Жальских вправду обрадовался. На столе сейчас же появилась закуска, свежий хлеб и спирт – без выпивки Жальских не признавал радостей.

– Знал, что приедешь, – сказал он уверенно Вере. – У нас не пропадешь, это я тебе точно. Красота, кто понимает.

Вера глядела на него большими, чуть раскосыми глазами, она была довольна, что он не забыл ее.

– А вы сами не уезжаете? – спрашивала она. – И Ольга Ивановна не уедет? Ваши родные места на юге, правда?

Он широким жестом обвел вокруг.

– У меня вся страна – родина. Я тебе скажу так – хорошее здесь место. Зимой, конечно, темь, холод и пурга – не без того. Зато нигде нет такой охоты – гусь, песец, рыба, куропатка, заяц. И воздух – с февраля солнце, снег крепкий, как доска, – роскошь! А воля! На полтысячи километров скачи – все наш колхоз!

Оля улыбнулась.

– Тебе стихи писать о нашем крае, Прокопий Григорьевич, многие бы с интересом прочли. О себе скажу по-честному – была бы возможность уехать из этого ужасного места, сейчас бы уехала.

Она теперь дружила с Жальских – как-то незаметно стала ему говорить «ты». Он подмигнул на нее девушкам.

– Знаем таких – зарекались, зарекались, как увидели, снова бросились. Ты севером отравленная, как и я, Оля. Вон даже в отпуск не поехала в Красноярск. Ты же без оленей дня не проживешь, а где на твоем юге разлететься на нартах?

Оля смеялась вместе с ним. Каждый день вместе с учениками, а то одна она выезжала на нартах в тундру и мчалась по руслу реки, впадавшей в Хатангу. Это становилось привычкой – прогулки отменялись только в черную пургу. В самом деле, ей было бы трудно без нарт и оленей.

Она оставила девушек у Жальских. Он решительно сказал, встав у двери: «Пока не выболтаюсь, не пущу гостей!»

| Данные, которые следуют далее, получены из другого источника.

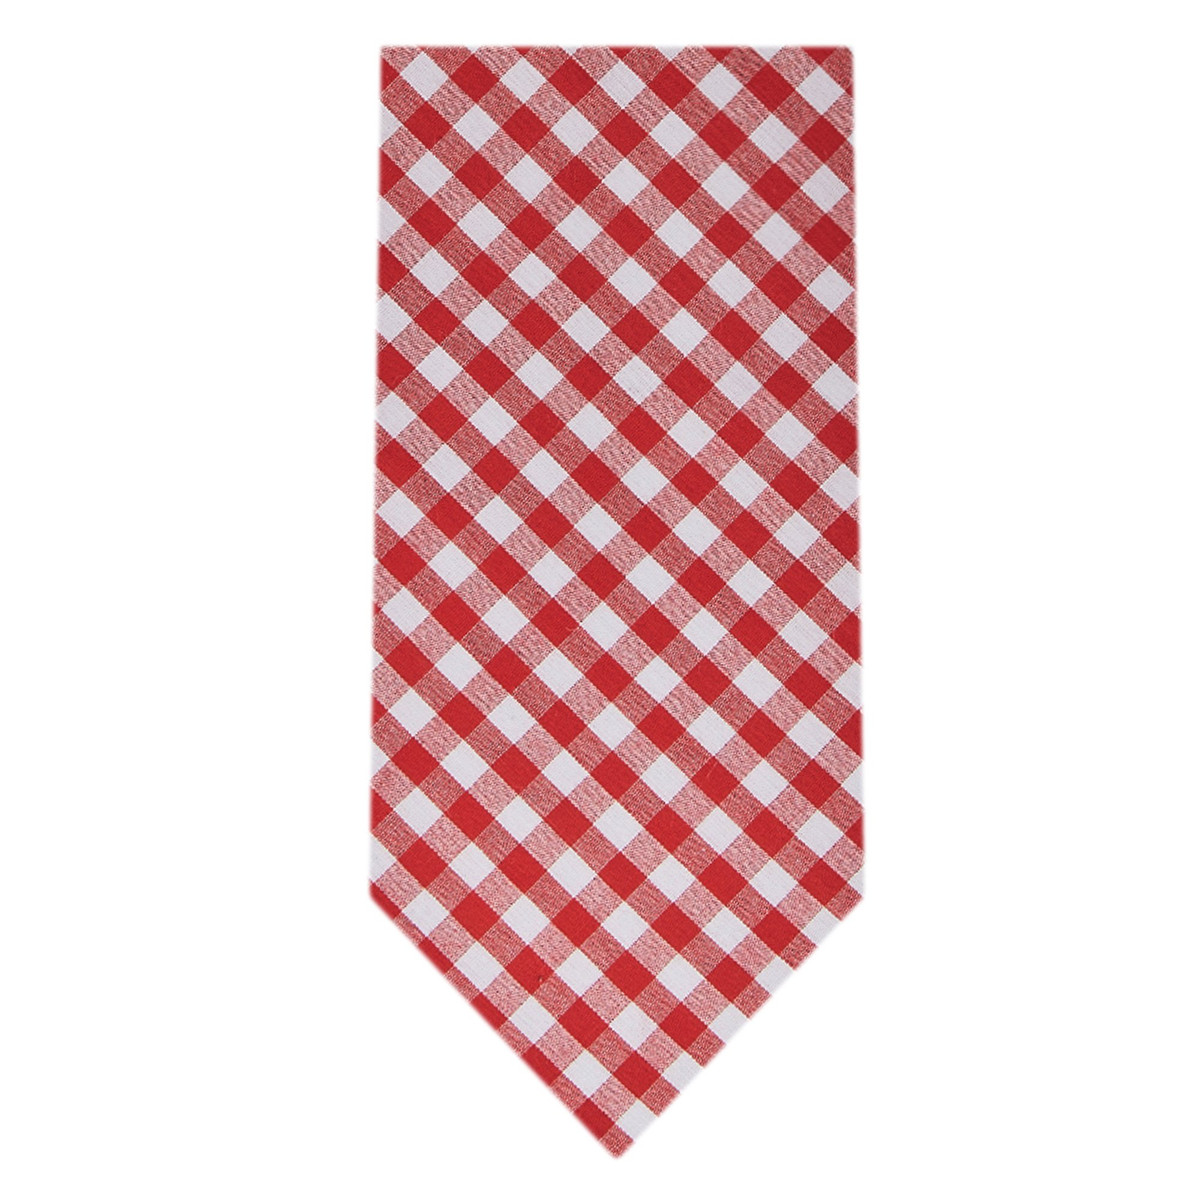 Men's Gingham Checkered Pattern Neck Tie - Red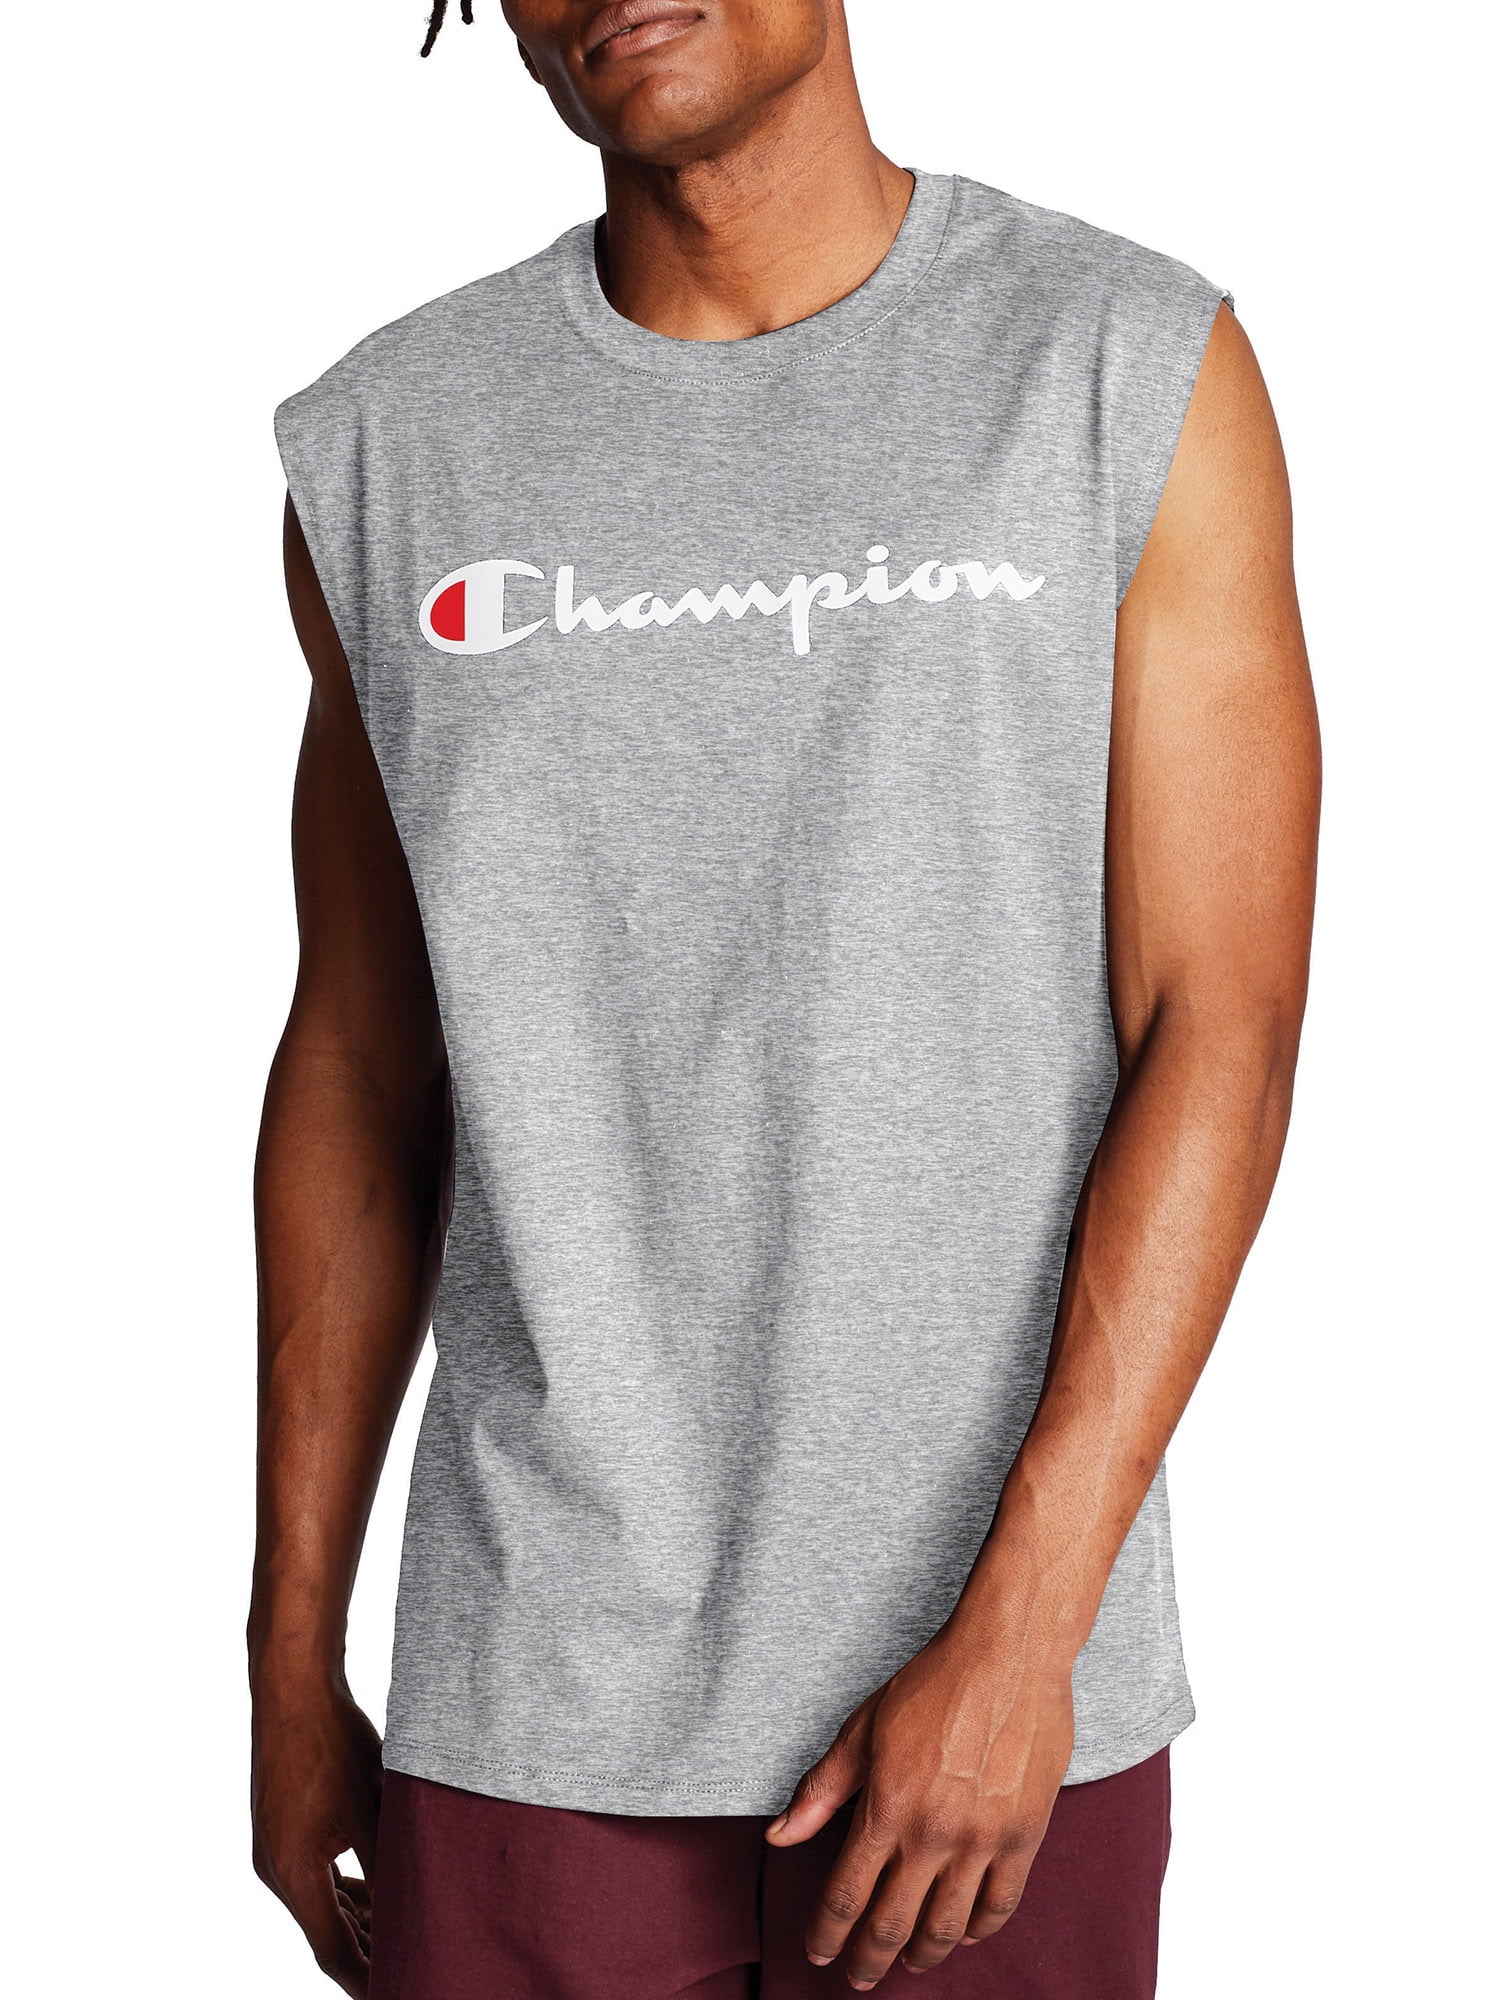 champion men's classic jersey muscle t shirt

Оля в своей комнатке разбирала письма. Одно было от Моти и Павла, хорошее ласковое письмо. Два – от Сероцкого, совсем недавние. В первом Сероцкий сообщал, что очень обиделся, не получив ответа, решил даже не думать об Оле. Он так и писал: «В конце концов, Оля, нас свело только наше одиночество, что ты знаешь обо мне, что я – о тебе? Разумнее, конечно, было бы забыть о нашей связи, тем более что ее нет – самой связи». Но, оказывается, это не выходило – забыть. Он забывал – она вспоминалась. Он забывал крепче – она вспоминалась чаще. Он запоздало понял и признавался: «Я люблю тебя, Оля, просто черт знает что – так люблю! Сам иногда не верю – ты стоишь передо мной живая, я все вспоминаю, как ты сказала: «О вас… и о себе». И как шли эти дни – в темноте, морозные, такие горячие! Олечка, милая, возлюбленная, – отзовись!» А второе было совсем путаное, он предлагал руку и сердце, он так и писал: «Сердце мое с тобой, только сейчас я это понимаю по-настоящему, а насчет остального не беспокойся, сможем официально оформить наши отношения – я начинаю дело о разводе. Но только напиши, молю, напиши!»

Оля легла на кровать, думала, вспоминала. Итак, он пришел, ее час, – полтора года она терзалась в одиночестве, теперь его черед – он заболел любовью. Боже, сколько она ждала такого письма, таких слов, одно из них – любое – сделало бы ее навсегда счастливой. Не глупи, Оля, это ведь твоя любовь, другой не было, не отвергай ее только потому, что на первом шагу споткнулась. Сама же говоришь, со многими это бывает, не надо быть нетерпимой.

– Нет, Оля, – сказала она себе вслух. – Где же нетерпимость? И не в ребенке одном дело. Но только не нужны тебе эти его чувства – даже сейчас он не думает, что было с тобой, что могло быть с тобой.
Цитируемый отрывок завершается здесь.